Daarnaast zagen we in Nederland de afgelopen jaren zeker drie initiatieven om een online supermarkt, gerund door merkleveranciers, op te zetten. Deze projecten (Shobr, INS Ecosystem en Stockon) zijn zelfs in de economisch gunstige periode 2017-2019 niet doorgebroken.Dat heeft zo zijn redenen. Het is namelijk een uitdaging om winstgevend levensmiddelen te bezorgen bij de consument. De waardedichtheid per kubieke meter levensmiddelen ligt soms tot 25 keer lager dan bijvoorbeeld elektronica of schoenen. Dat maakt kostendekkende logistiek een uitdaging. En ook als de consument dagelijkse boodschappen via internet bestelt, verwacht hij een uitgebreid assortiment: van groente tot cola.

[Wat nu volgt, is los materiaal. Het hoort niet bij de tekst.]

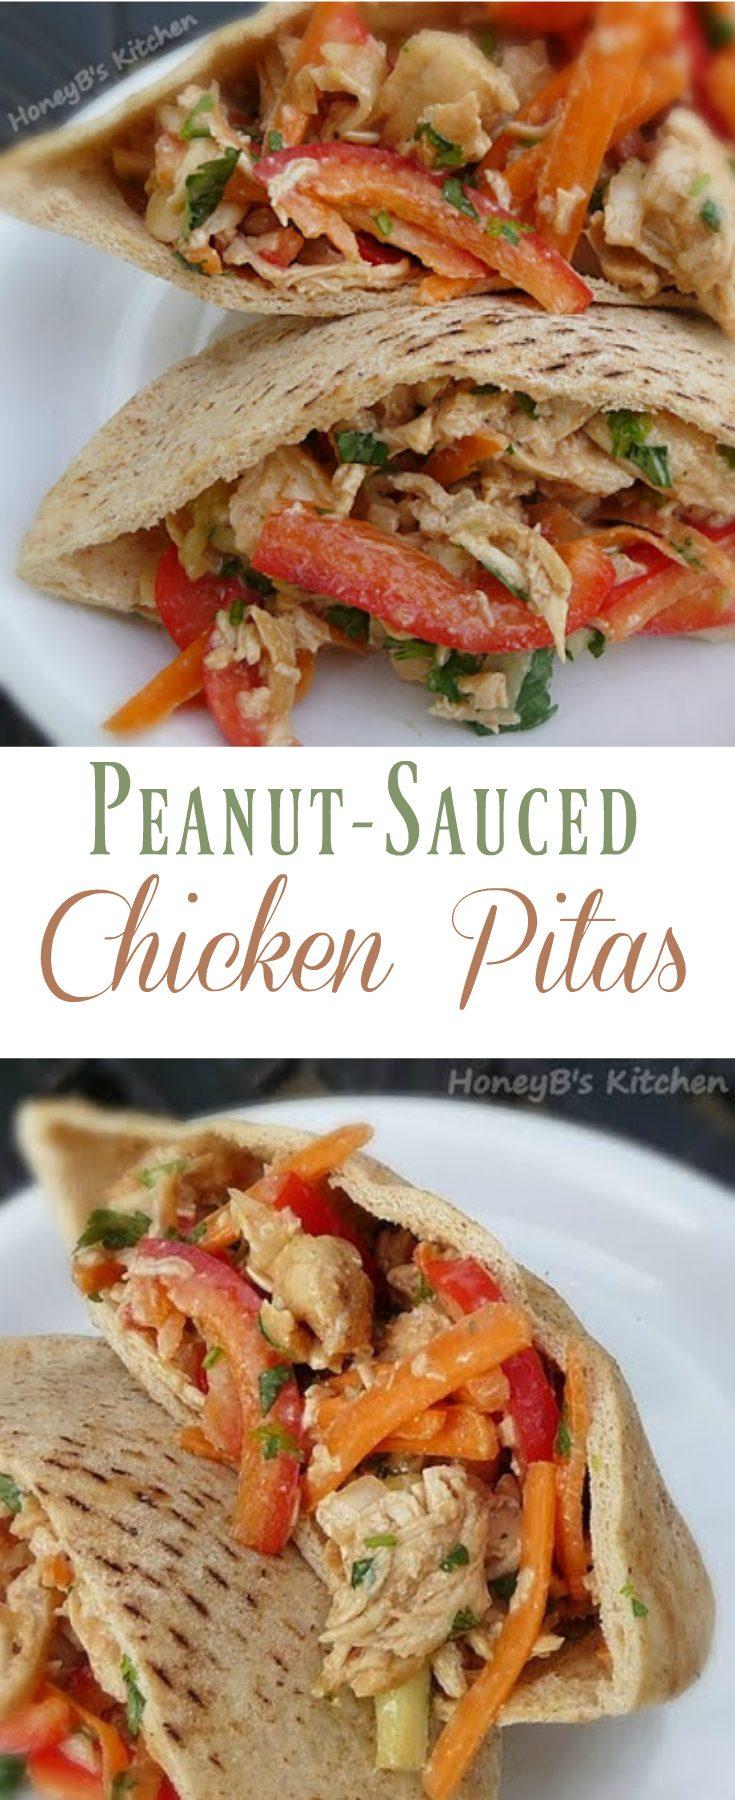 Peanut-Sauced Chicken Pitas #sandwiches #peanut #chicken

Maaltijdboxen rechtstreeks van de boer
Succes is er alleen voor D2C-partijen die één product of één productgroep leveren waaraan de consument een grote toegevoegde waarde toekent en een hogere prijs voor wil betalen. Bijvoorbeeld omdat het extreem gemakkelijk, duurzaam of lekker is, zoals exclusieve koffiecups, zelf samengestelde muesli, proteïnedrankjes of verse maaltijdboxen rechtstreeks van de boer.

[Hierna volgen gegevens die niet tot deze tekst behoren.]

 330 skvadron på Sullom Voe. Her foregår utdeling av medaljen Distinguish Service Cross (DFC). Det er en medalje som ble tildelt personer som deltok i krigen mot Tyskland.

D2C ingezet door merkleveranciers zal niet substantieel groeien door de coronacrisis. Corona lijkt juist voor een structureel hoger aantal online bestellingen te zorgen bij traditionele supermarkten en digitale supers als Picnic en Crisp. De overvolle bestelmomenten en wachtlijsten geven aan dat de vraag groter is dan de beschikbare capaciteit. Een deel van de consumenten dat nu het gemak ontdekt van online bestellen, blijft hier de komende jaren structureel gebruik van maken.

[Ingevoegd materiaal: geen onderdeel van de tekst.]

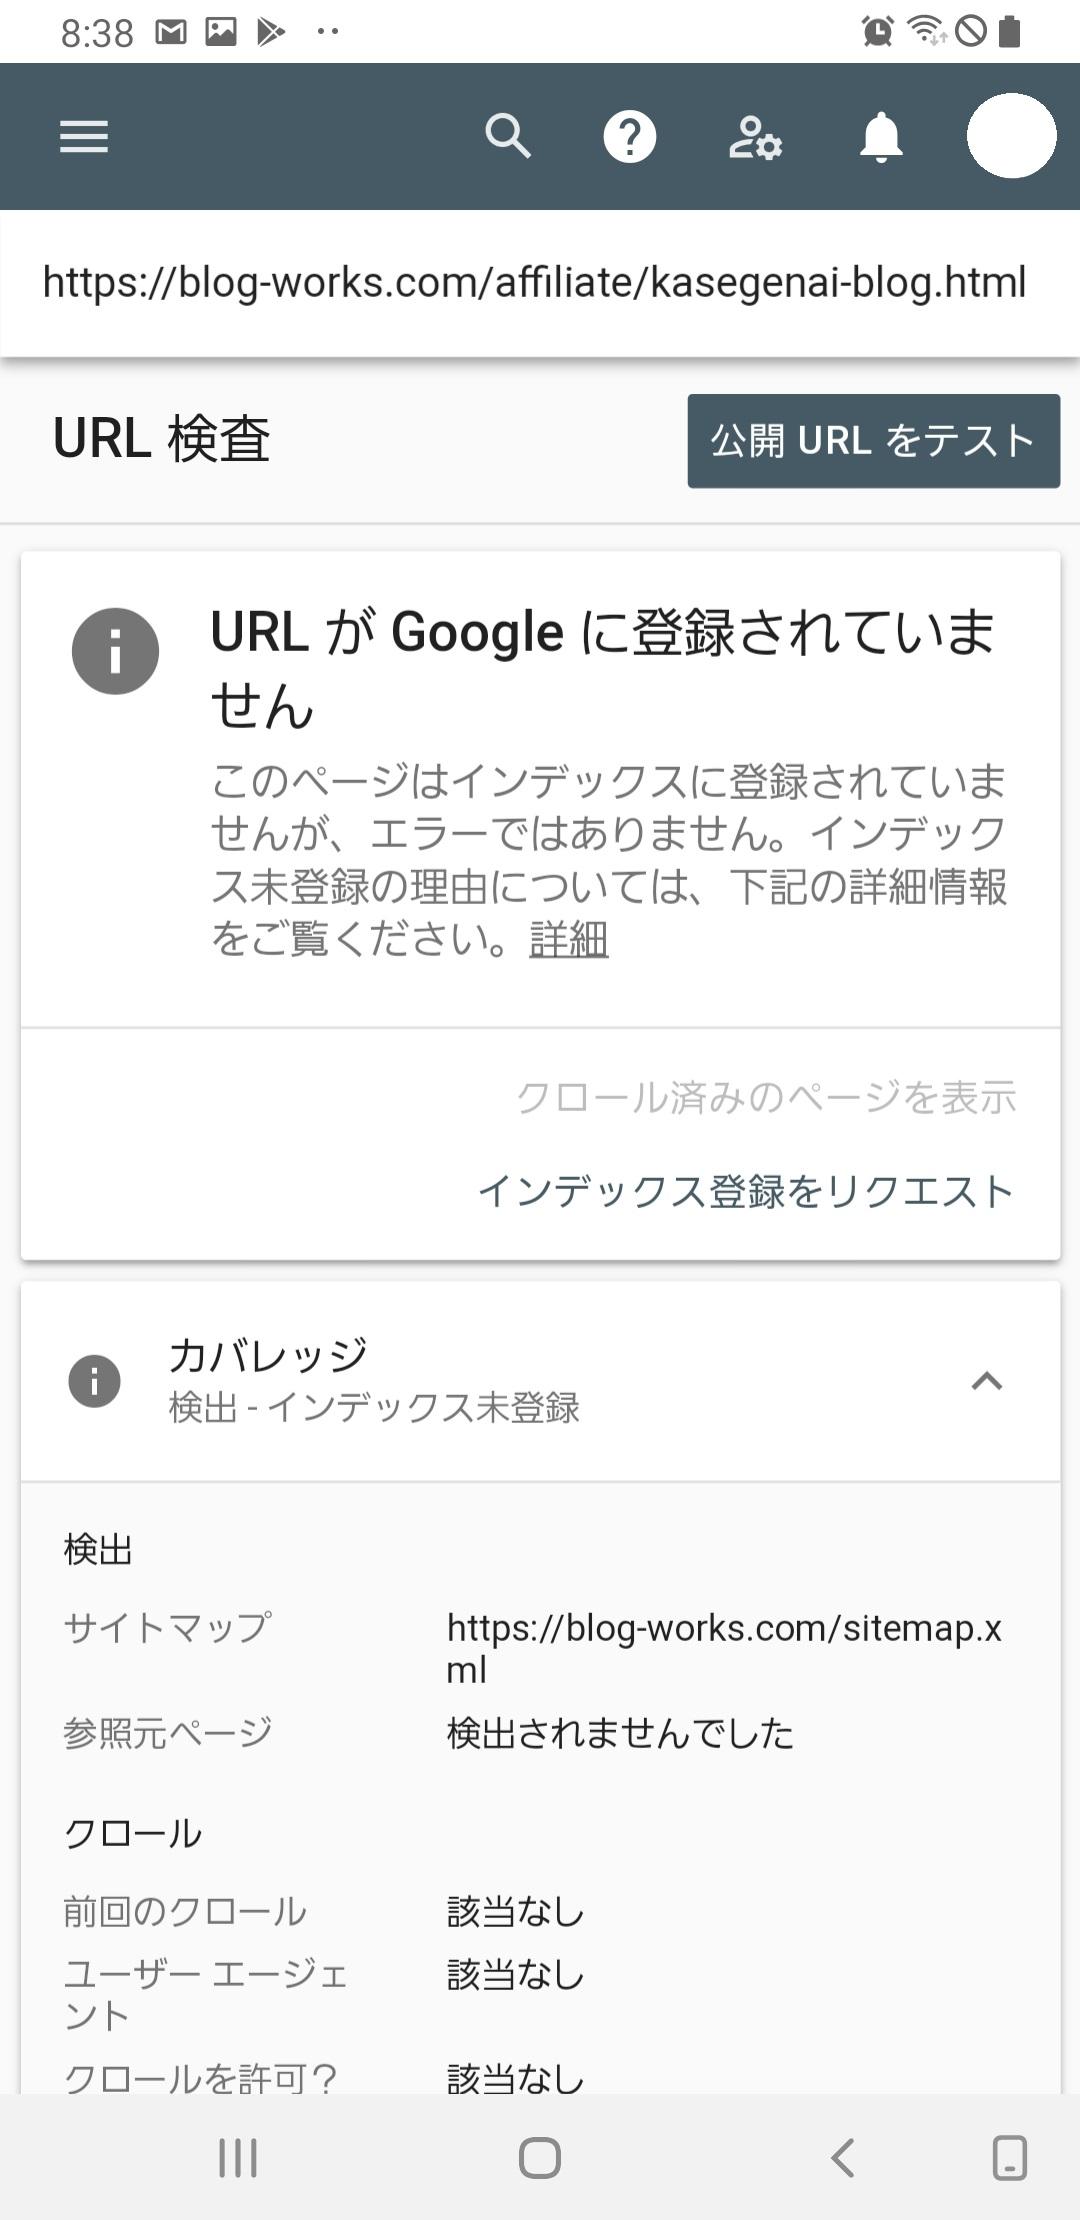 Google Serch Console インデックスに登録されていない

Ook in de coronacrisis blijken supermarkten efficiënte logistieke bedrijven, die aan sommige producten niets verdienen en aan andere producten heel veel. Deze margemix zorgt ervoor dat een supermarkt op een vol boodschappenwagentje een paar procent winst maakt. Hier kunnen fabrikanten met D2C-concepten eenvoudigweg niet tegenop indien ze dezelfde (merk)producten die in de supermarkt liggen óók rechtstreeks aan consumenten willen leveren.
At-home consumptie
Supermarkten en leveranciers blijven elkaars belangrijkste handelspartners voor de at-home consumptie. Of het nu tijdens de crisis van 2009-2014 was of tijdens de coronacrisis van 2020: de efficiënte (online)supermarkt is altijd een stabiel afzetkanaal gebleken. En ook in crisisperiodes kan de foodbranche groei creëren met innovatieve producten met een goede marge. Leveranciers kunnen zich dus voorlopig beter richten op het versterken van de bestaande relatie met de supermarkt dan op het ontwikkelen van een volwaardig kanaal rechtstreeks naar de consument.